From the City of Annapolis:

The National Weather Service has issued a heat advisory from noon today until 11 p.m. Wednesday, July 7. Temperatures are expected to reach around 100 degrees today and Wednesday. That heat, combined with extremely humid air, will push the heat index, or what the temperature “feels like,” to around 105 degrees.

Mayor Joshua J. Cohen advises residents to check on family members and neighbors who live without air conditioning. According to the Centers for Disease Control, elderly people (65 years and older), infants and children and people with chronic medical conditions are more prone to heat stress.

The City has opened the Roger “Pip” Moyer Community Recreation Center at Truxtun Park (273 Hilltop Lane) as a cooling center today and Wednesday from noon to 7 p.m. Also, the City and Anne Arundel County are opening the Bates Senior Center (119 South Villa Ave.) from 12:30 p.m. to 4:30 p.m. today and 8:30 a.m. to 4:30 p.m. Wednesday. Water will be  provided at both locations.

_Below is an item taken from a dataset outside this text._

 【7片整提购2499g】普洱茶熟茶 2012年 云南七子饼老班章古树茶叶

Those visiting the cooling center at Truxtun Park will not have access to recreation activities. For more information, call the City’s Office of Emergency Management at 410-216-9167.

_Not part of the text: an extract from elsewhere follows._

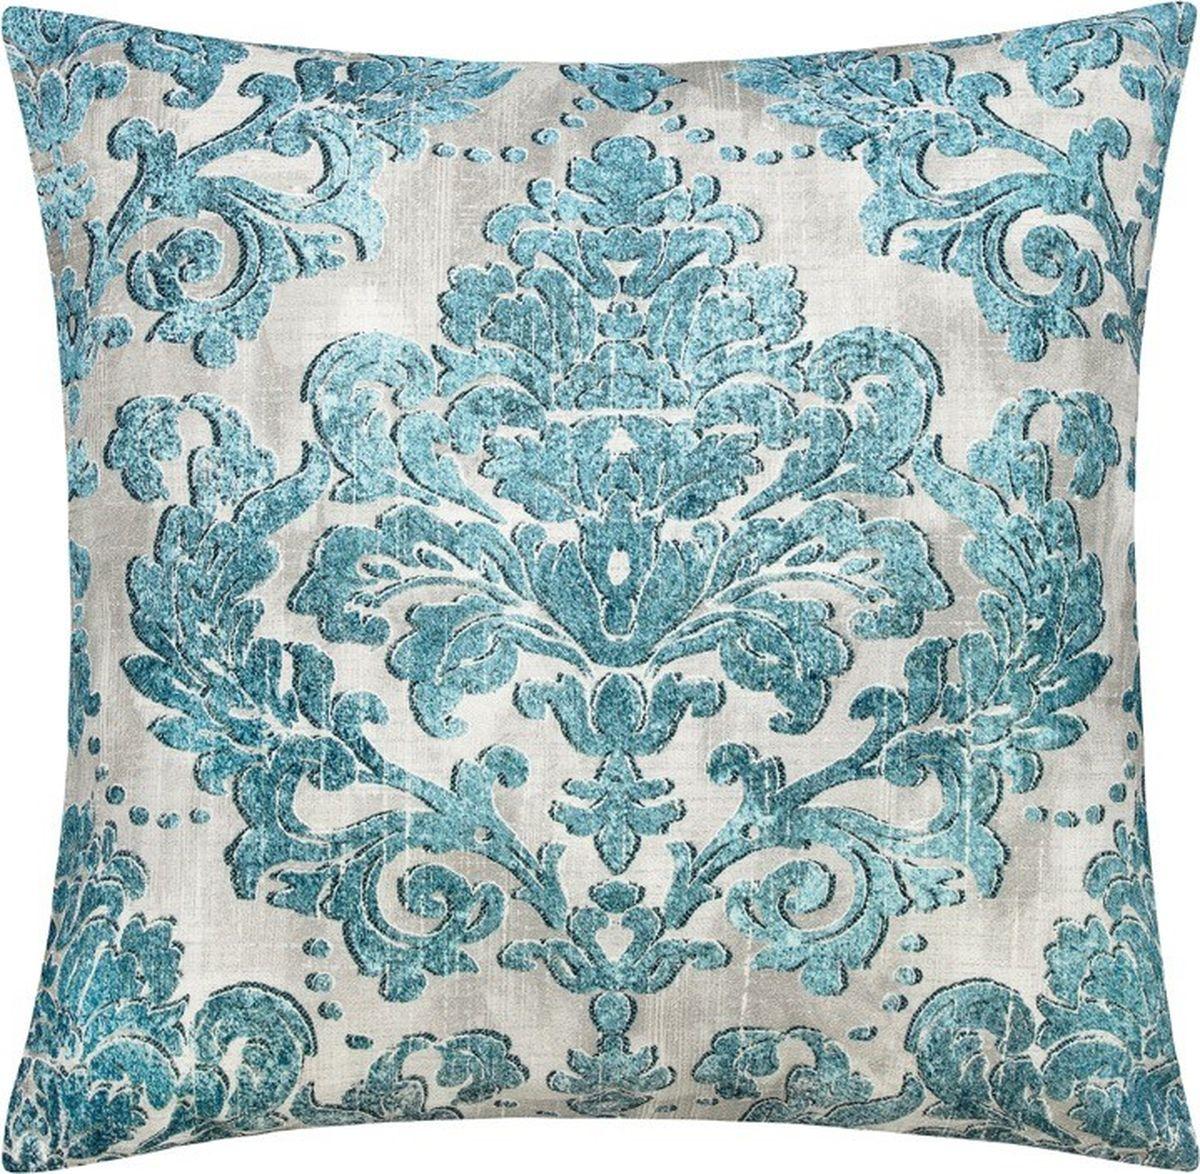 Подушка декоративная Togas Донна, 45 х 45 см подушка декоративная togas пагода наполнитель полиэфир цвет синий золотой 45 х 45 см

Fire Chief David L. Stokes Sr. warns of the problems that come with the extreme heat, such as heat cramps, heat exhaustion and heatstroke. He said that crews usually experience an increase in medical calls during extended periods of hot weather.

The body normally cools itself by sweating. But under some conditions, sweating just isn’t enough. Very high body temperatures may damage the brain or other vital organs.

Symptoms of heat-related illness:

●       Heat cramps are muscle contractions that are connected to heat and dehydration.
●       Heat exhaustion is also a result of excessive heat and dehydration. The signs of heat exhaustion are paleness, dizziness, nausea, and vomiting, fainting and increased temperature.
●       Heatstroke is the most severe form of heat illness. These people have warm, flushed skin and do not sweat. This is considered a critical medical emergency. These patients must have their temperature reduced quickly and taken directly to the hospital.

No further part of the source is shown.